Bei einer Probeabstimmung gab es dann auch eine Mehrheit für das Paket. Trotzdem wollten die Abgeordneten sich am Freitag, dem Abstimmungstag, erneut treffen, noch einmal kurz beraten und einen Entschließungsantrag verabschieden, der die Position der Linksfraktion deutlich macht. Doch in dieser Sitzung lief einiges durcheinander. Die Genossen hatten kaum eine Stunde Zeit für ihr Programm. Zu wenig, um alle, die sprechen wollten, auch zu Wort kommen zu lassen.
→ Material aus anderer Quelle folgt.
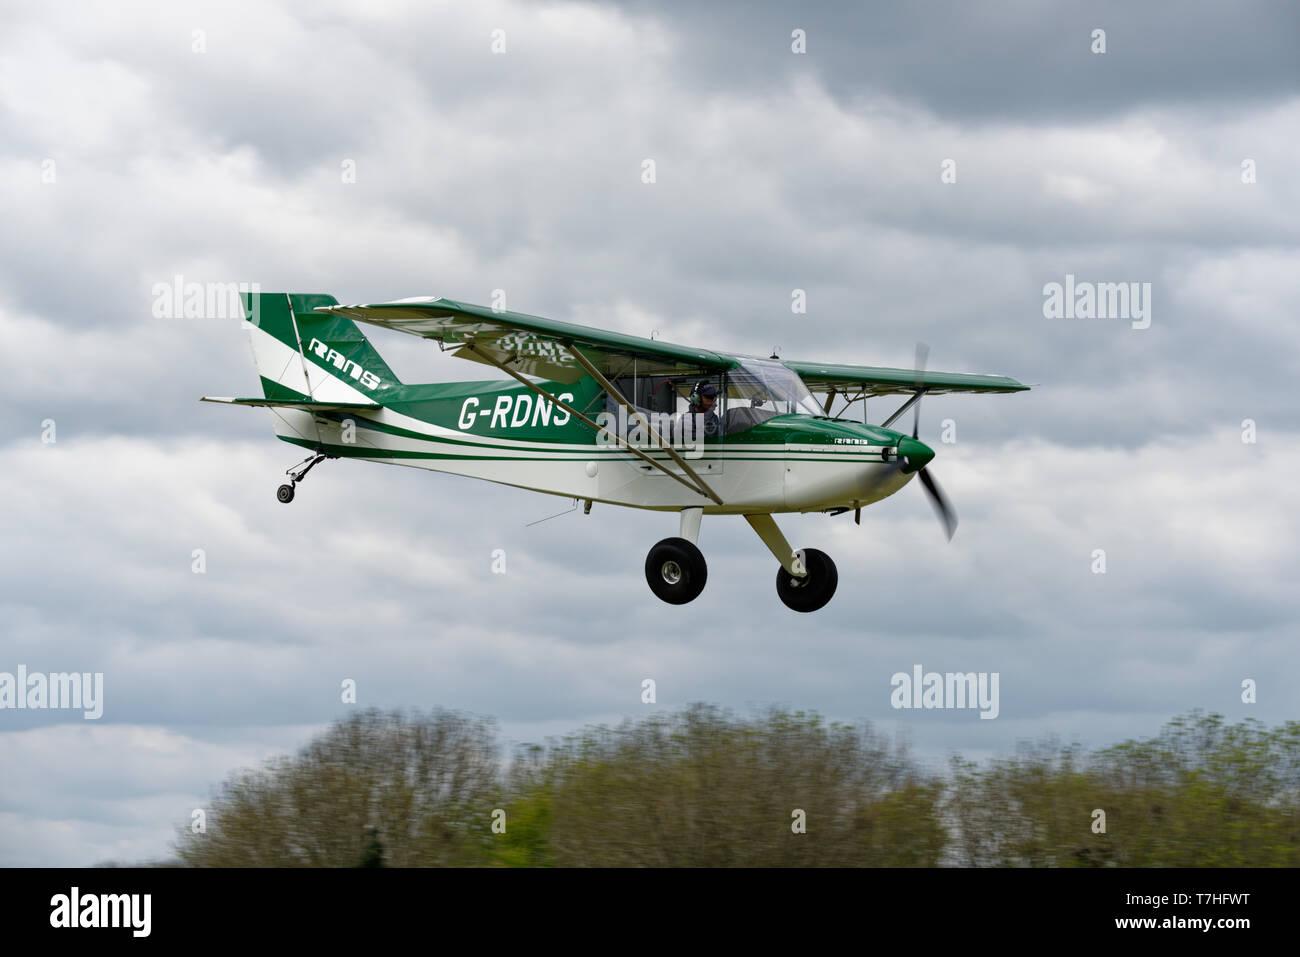 Rans Aircraft Stock Photos & Rans Aircraft Stock Images - Alamy

Und auch der Entschließungsantrag wurde mehr zwischen Tür und Angel zusammengezimmert als ordentlich beraten. Größere Änderungen wurden an dem von Wolfgang Gehrcke stammenden Entwurf allerdings nicht vorgenommen, eine große Mehrheit stimmte für ihn. Doch das Durcheinander und der hektische Zeitplan hatten einen Nebeneffekt: Am Ende der Sitzung hatte Sahra Wagenknecht trotz einer Wortmeldung nicht gesprochen. Ein Versehen, da sind sich fast alle sicher. Allerdings: Hätte sie auf den Tisch gehauen, hätte sie selbstverständlich noch sprechen dürfen und auch jede Änderung im Entschließungsantrag verhindern können, sind sich ihre Genossen sicher. Stattdessen saß sie still da. Im Plenum enthielt sie sich dann wie angekündigt der Stimme, während der Großteil der Linksfraktion zustimmte. Eine Woche später erklärte sie ihren Verzicht.
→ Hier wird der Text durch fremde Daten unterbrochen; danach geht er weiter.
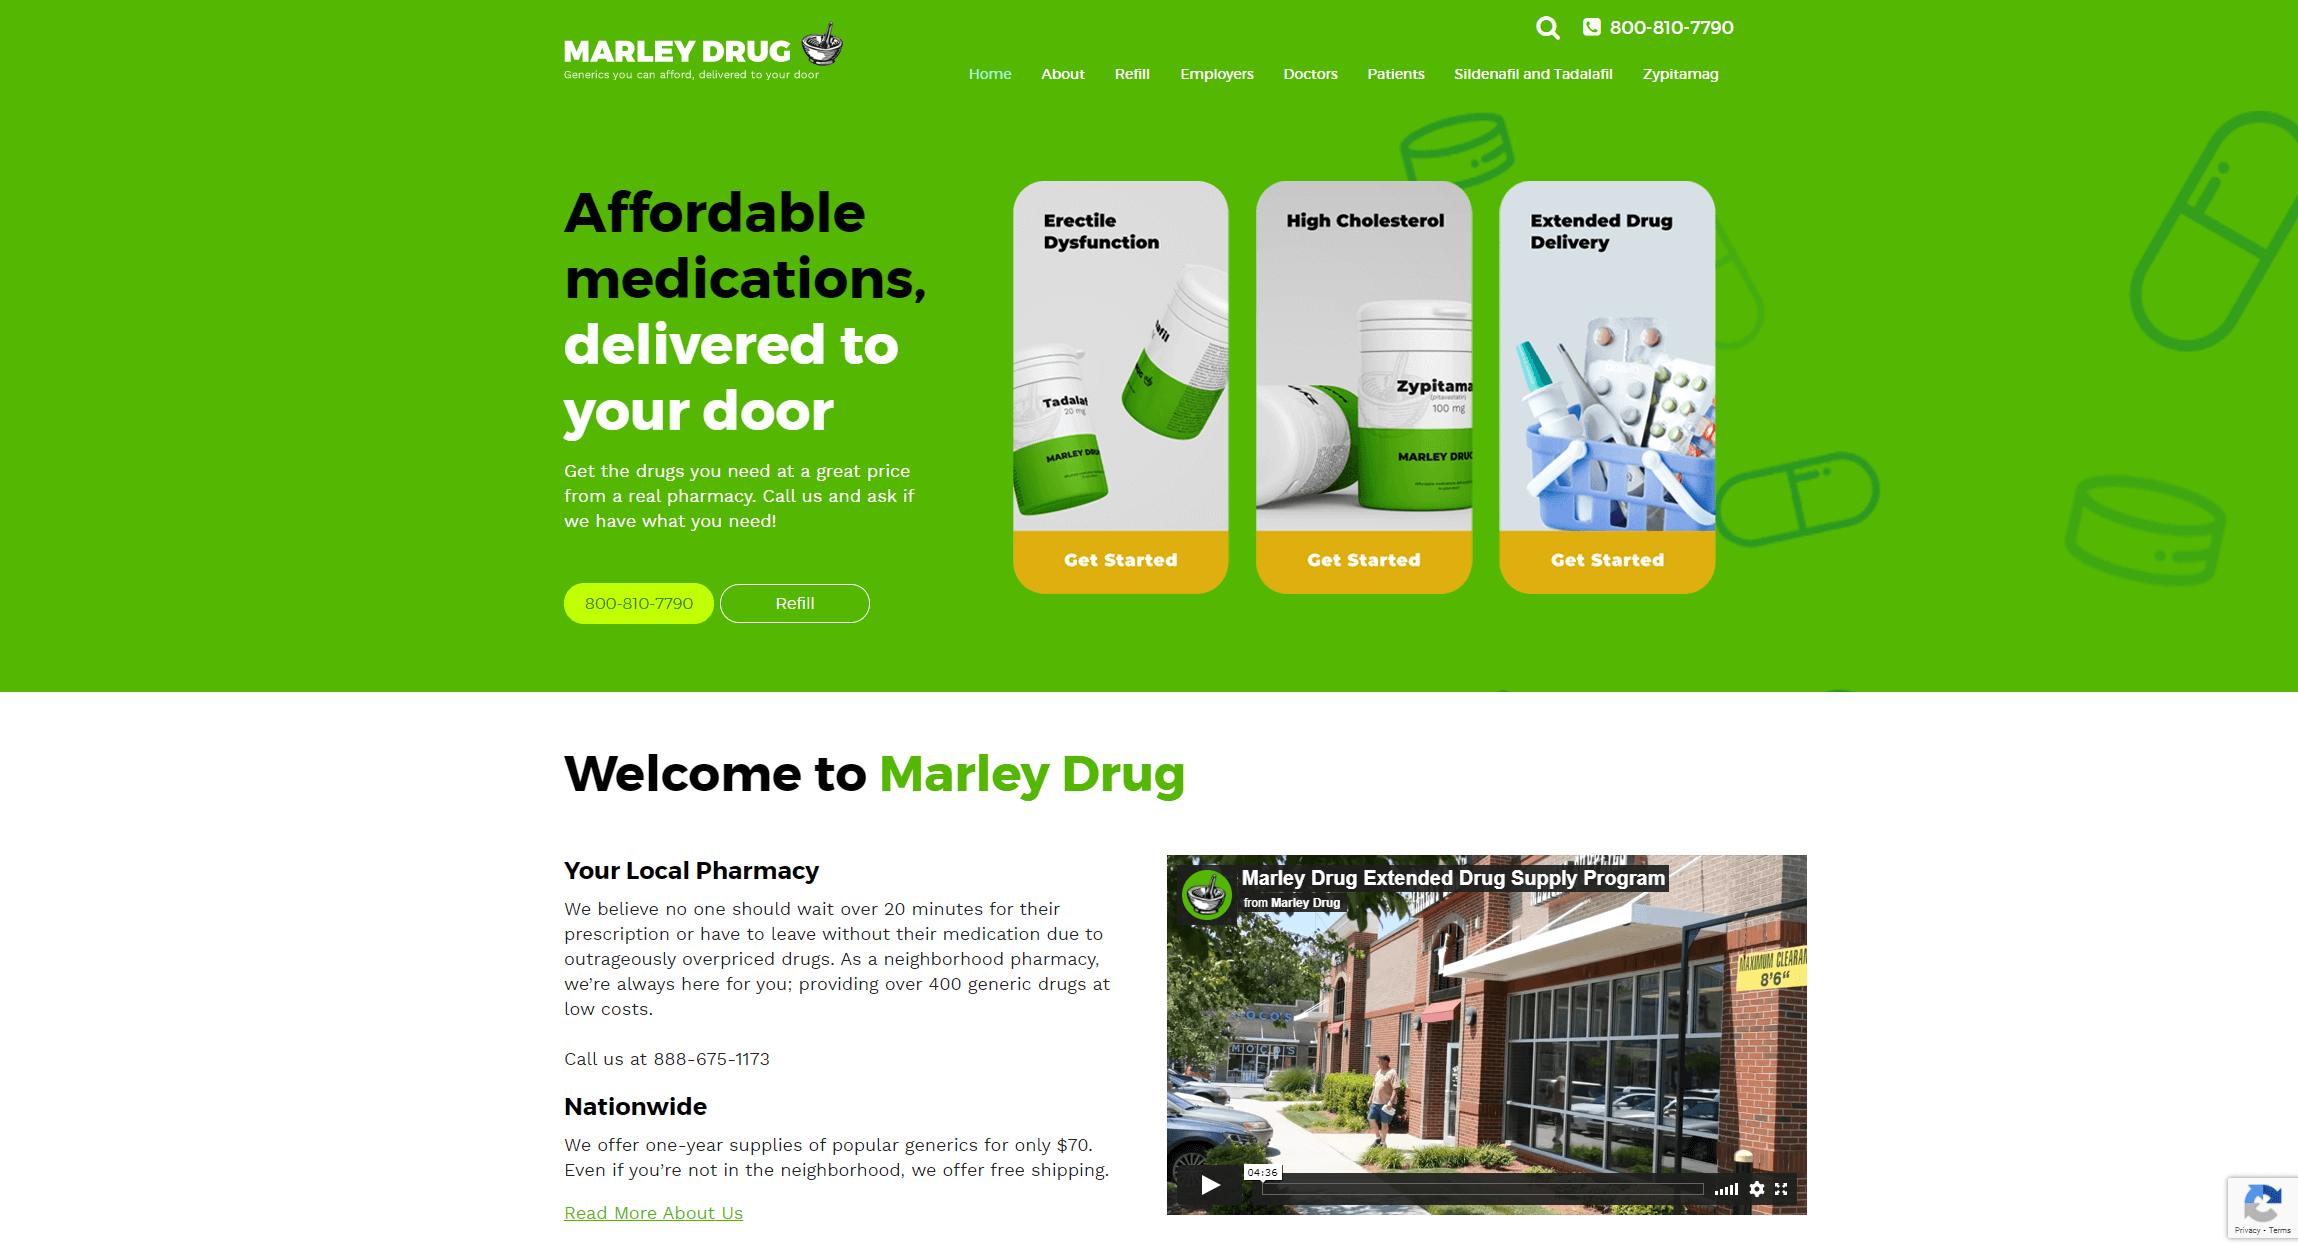 www.marleydrug.com

Damit beginnt für die Linkspartei eine Phase der Ungewissheit. Zuletzt war immer öfter zu hören, dass Gregor Gysi den Fraktionsvorsitz im Herbst aufgeben werde – auch wenn er das öffentlich stets dementiert. Trotzdem galt seine Nachfolge als geregelt: Wagenknecht würde gemeinsam mit Dietmar Bartsch eine Doppelspitze bilden – so pfiffen es die Spatzen von den Dächern, auch wenn es nie eine Bestätigung gab. Nach vielen Streitereien in der Vergangenheit, hatten sich die beiden miteinander arrangiert. Warum nun also Wagenknechts Verzicht? In ihrer Erklärung schreibt sie, dass sie politisch mehr bewegen könne, wenn sie sich auf das konzentriere, „was ich am besten kann“. Vielleicht gehört Fraktionsvorsitzende sein einfach nicht dazu? Den Verdacht befeuert zumindest Gregor Gysi: „Entscheidend ist, wie sie erklärt, dass ihr die spezifische Leitungstätigkeit nicht liegt“, heißt es in seiner Erklärung zu Wagenknechts Verzicht. Eine ziemliche Gemeinheit. Was jedoch stimmt: Wagenknecht gilt als brillante Rednerin und scharfe Analytikerin, allerdings nicht als jemand, der gern Kompromisse in der Fraktion aushandelt. Dass ihre Positionen nicht immer mehrheitsfähig sind, zeigte ihr spätestens jetzt die Griechenlandabstimmung. Mit Wagenknecht enthielten sich nur neun andere Linken-Abgeordnete. 41 stimmten hingegen zu – auch viele vom linken Flügel. Als Bruch zwischen Wagenknecht und ihren Unterstützern wollen letztere das jedoch nicht verstanden wissen. „Wir machen weiter Radikalopposition gegen Schäubles Bankenmachtbedienerei“, so der europapolitische Sprecher der Linksfraktion, Diether Dehm, „Unsere Angriffslust und Kraft wäre noch mehr, wenn sich Sahra das noch mal überlegt.“
Wie nun die künftige Spitze der Linksfraktion aussehen wird, ist derweil noch völlig unklar. Die verschiedenen Lager beraten bereits. Am Ende könnte vorerst alles so bleiben, wie es ist. Aber auch eine ganz große Rochade ist denkbar, die Auswirkungen auf den Parteivorsitz haben könnte. Sahra Wagenknecht will vorerst auf ihrem Posten als Erste Stellvertretende Fraktionsvorsitzende bleiben. Abschreiben sollte sie niemand. In zwei Jahren wird schließlich wieder eine neue Fraktionsspitze gewählt. Und viele ihrer Anhänger hoffen jetzt schon, dass sie es spätestens dann doch noch auf den Chefsessel schafft.